Despite recent firmness, the dollar index fell 1% in January after sliding 9.4% last year. The decline was driven by Federal Reserve rate cuts, narrowing interest rate differentials with other major economies, and growing concern over U.S. fiscal deficits and political uncertainty.

Strategists at UOB said currency volatility is likely to remain elevated ahead of Warsh’s confirmation process. They warned that upcoming congressional hearings could involve significant political drama, making the process far from straightforward. UOB added that Warsh will need to demonstrate independence and steady leadership to unite the Federal Open Market Committee amid a nervous market and a forceful president.

Late Tuesday, Trump signed a spending bill into law, ending a four-day partial government shutdown. However, key U.S. employment data scheduled for release on Friday will be delayed due to the disruption.

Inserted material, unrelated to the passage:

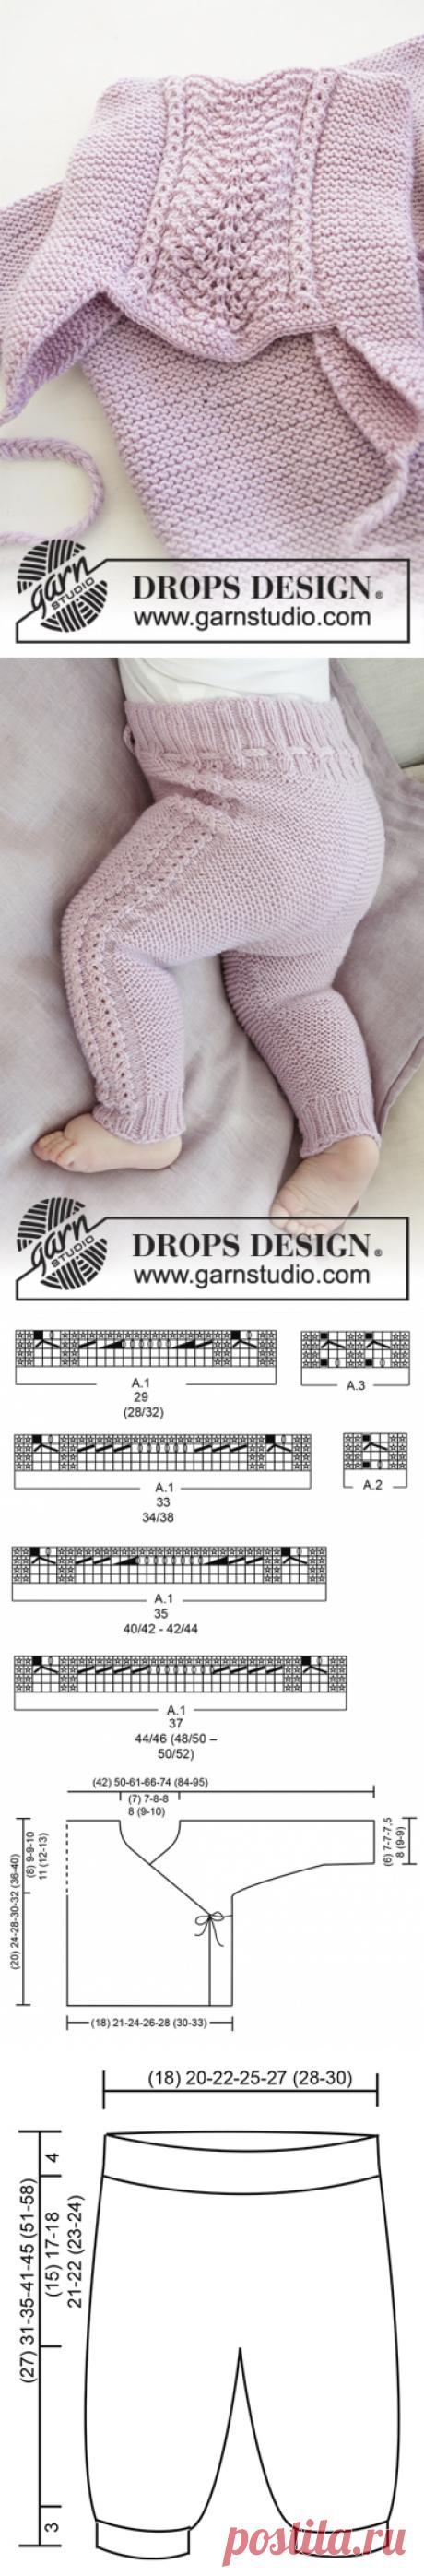 Комплект из кофточки, штанишек и шапочки Hello Kitten - блог экспертов интернет-магазина пряжи 5motkov.ru
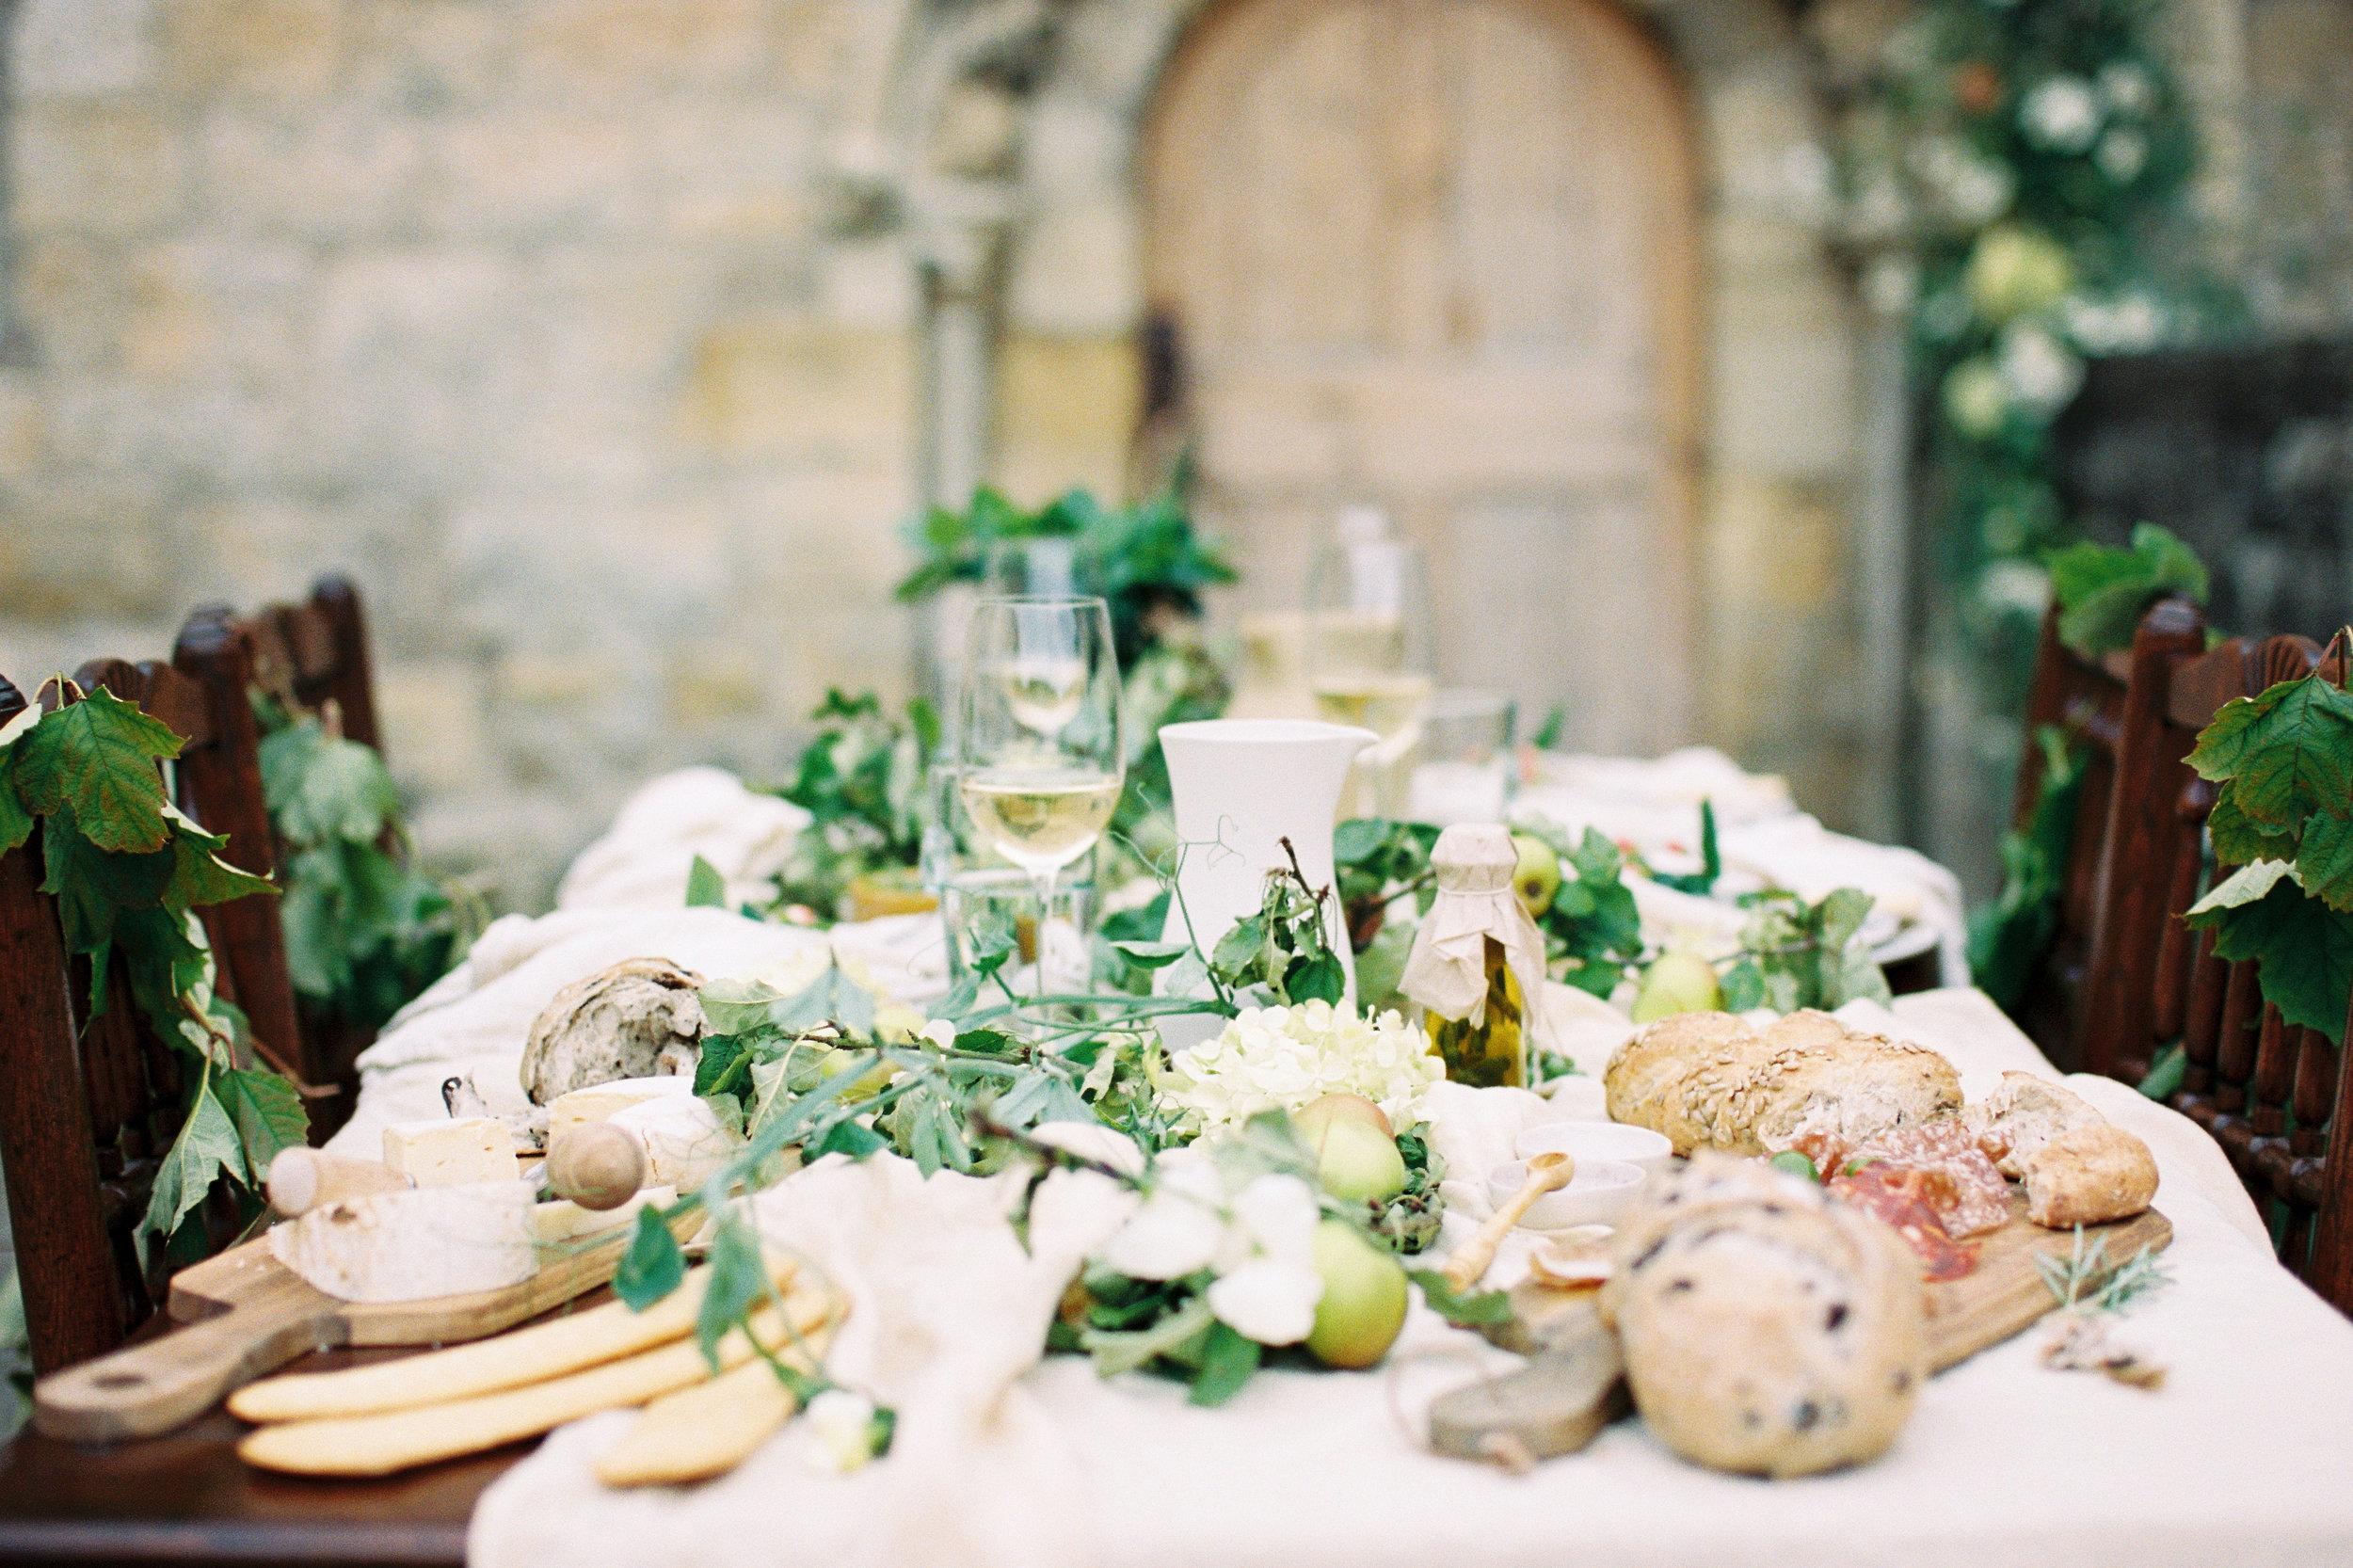 Seasonal floral table setting

Japanese election weighs on the yen

The yen slipped 0.3% to 156.26 per dollar, its weakest level since January 23. The currency had previously rebounded sharply from 159.23 amid speculation of possible rate checks by the New York Federal Reserve.

Hopes of coordinated U.S.–Japan action to support the yen have helped pull it back from recent extremes, but uncertainty remains high ahead of the weekend’s election. Prime Minister Sanae Takaichi is seeking voter approval for higher government spending, tax cuts, and a revised security strategy that would accelerate defense expansion.

Carol Kong, currency strategist at Commonwealth Bank of Australia, said a strong result for the ruling LDP would give Takaichi greater scope to pursue fiscal stimulus. This could increase government debt levels, putting pressure on Japanese government bonds and the yen.

Earlier this week, Takaichi sparked a selloff in the yen after highlighting the benefits of a weaker currency during a campaign speech. Although she later softened those remarks, concerns persist that mixed messaging could undermine efforts to stabilize the already fragile yen.

Elsewhere, the Australian dollar stood at $0.7028 after surging 1% in the previous session, following an interest rate hike by the Reserve Bank of Australia. Markets are now pricing in the possibility of further rate increases this year. The New Zealand dollar edged slightly lower to $0.604.

China’s yuan briefly climbed to a near 33-month high against the dollar, supported by firmer central bank guidance. However, a weaker-than-expected daily fixing suggested authorities may be trying to limit the pace of appreciation. The yuan has continued to gain on the back of strong exports, and while policymakers are expected to resist excessive strength, analysts warn that upside risks remain and could test China’s fragile economic recovery.